Государь-монах (имп. Судзаку) — сын имп. Кирицубо, старший брат Гэндзи

Третья принцесса, Вступившая на Путь принцесса (Сан-но мия), — дочь имп. Судзаку, супруга Гэндзи

Супруга Удайсё (Кумои-но кари), 30 лет, — дочь Вышедшего в отставку министра (То-но тюдзё)

Нёго из павильона Павлоний (имп-ца Акаси), 21 год, — дочь Гэндзи и госпожи Акаси

Третий принц (принц Ниоу) — сын нёго Акаси и государя Киндзё, внук Гэндзи

Второй принц — сын государя Киндзё и нёго Акаси, внук Гэндзи


Безвременная кончина Гон-дайнагона глубоко опечалила многих. Люди предавались скорби, не в силах примириться с этой утратой. Министр с Шестой линии, неизменно сетовавший на то, что из мира один за другим уходят самые достойные люди, тоже впал в уныние. Он был привязан к ушедшему, часто бывавшему в его доме, и хотя ему так и не удалось изгладить в своем сердце некоторые неприятные воспоминания… Когда в память об ушедшем читались священные сутры, Гэндзи лично одарил монахов, принимавших участие в церемонии. Затем, как видно из жалости к неразумному младенцу, особо пожертвовал еще сто рё золота, никому не открыв тайных своих побуждений.

Нетрудно себе представить, как велика была признательность Вышедшего в отставку министра. Разумеется, он и ведать не ведал… Удайсё тоже сделал богатые пожертвования и сам принял участие в подготовке поминальных служб. В те дни он был особенно внимателен к принцессе с Первой линии. Даже родные братья Гон-дайнагона не могли сделать большего. Отец и мать покойного, не ожидавшие ничего подобного, не знали, как и благодарить его. Все эти посмертные почести, говорящие о том, сколь велико было значение Гон-дайнагона в мире, заставили их с новой остротой осознать невосполнимость своей утраты.

Государь-монах кручинился, думая о том, что судьбы обеих его дочерей складываются вовсе не так, как ему хотелось.
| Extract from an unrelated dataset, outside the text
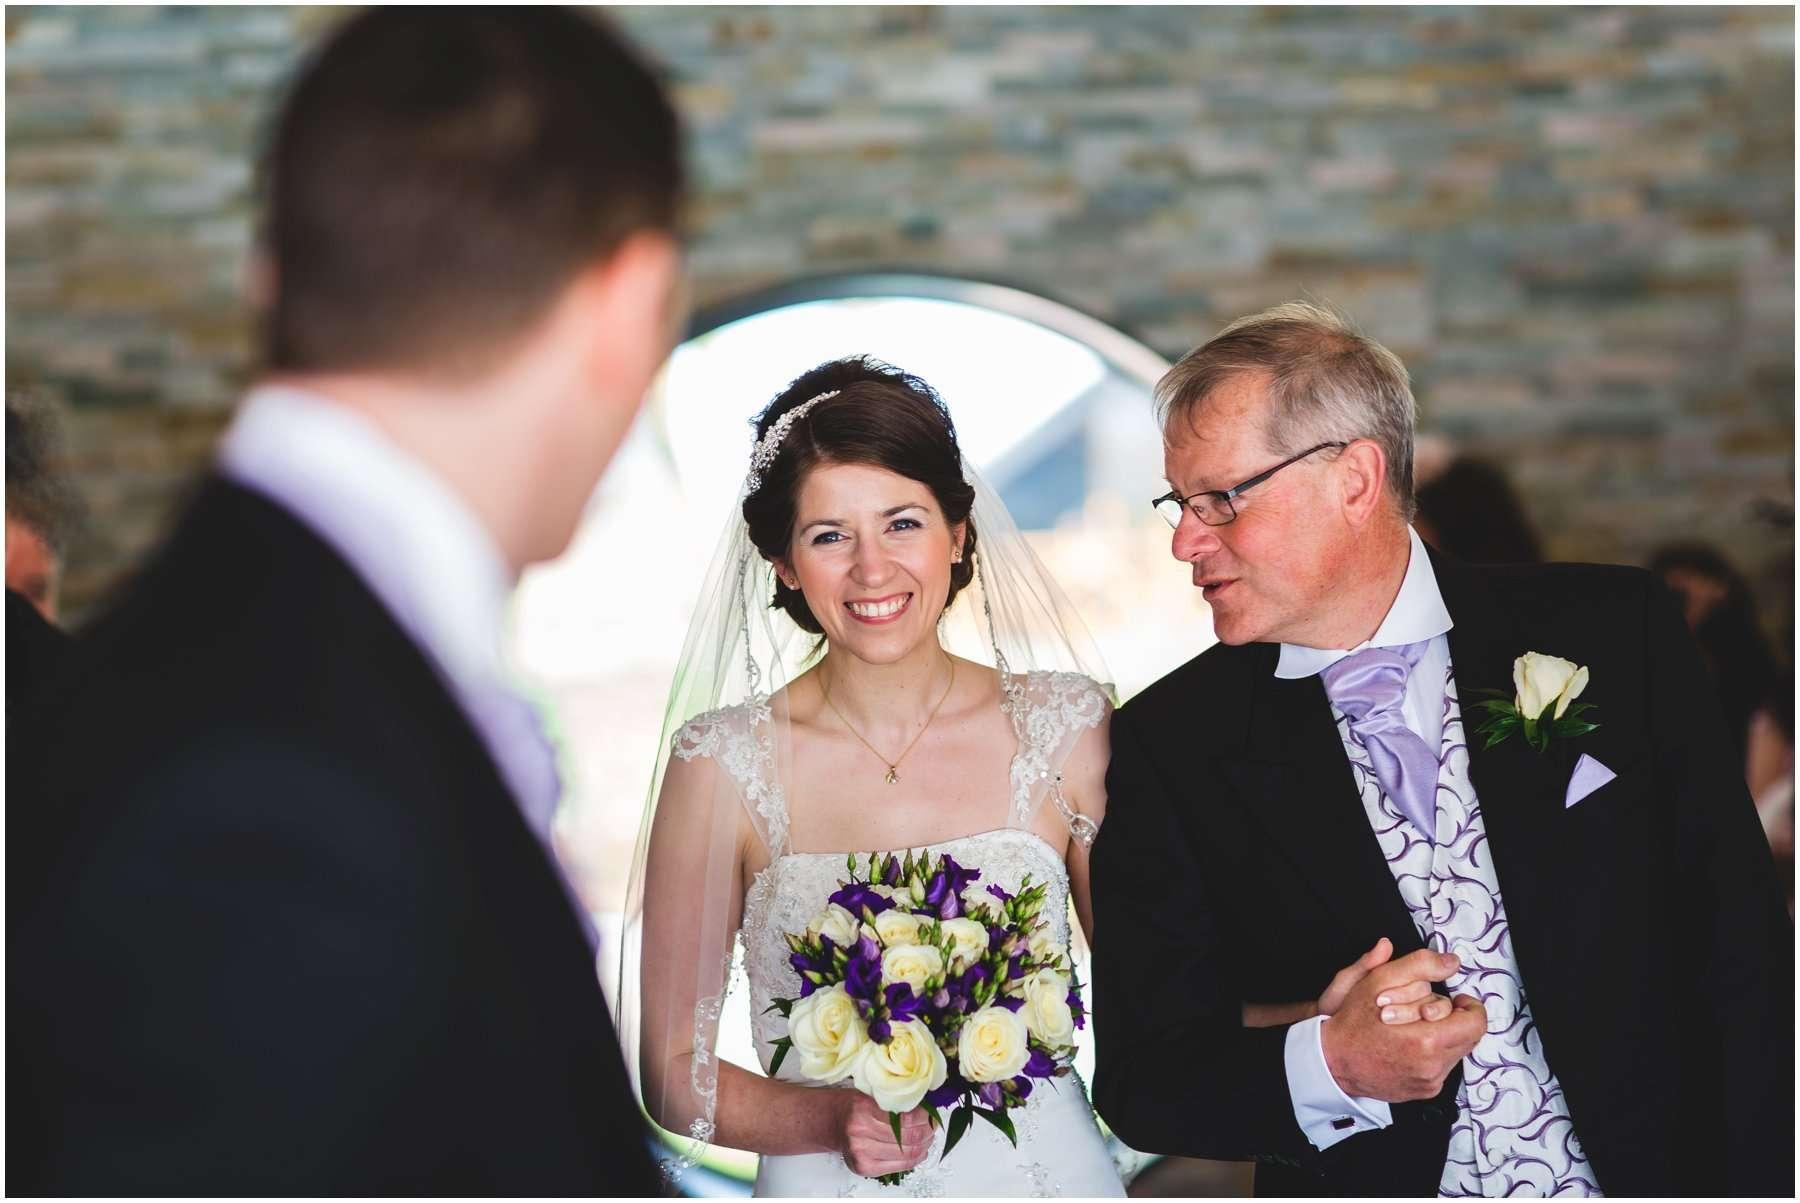 Andy Davison - The Boathouse Wedding Photographer

Вторая принцесса, о неудачливости которой уже начинали поговаривать, влачила дни в тоскливом одиночестве. Третья, приняв постриг, окончательно лишила себя возможности жить обычной для женщины жизнью. Однако, как ни велико было разочарование, он крепился, не желая смущать свое сердце воспоминаниями о мире, им оставленном. Верша привычные обряды, Государь беспрестанно обращался мыслями к любимой дочери: «Быть может, и она в этот миг…» С того дня, как Третья принцесса переменила обличье, он часто писал к ней, причем довольно было самого незначительного повода.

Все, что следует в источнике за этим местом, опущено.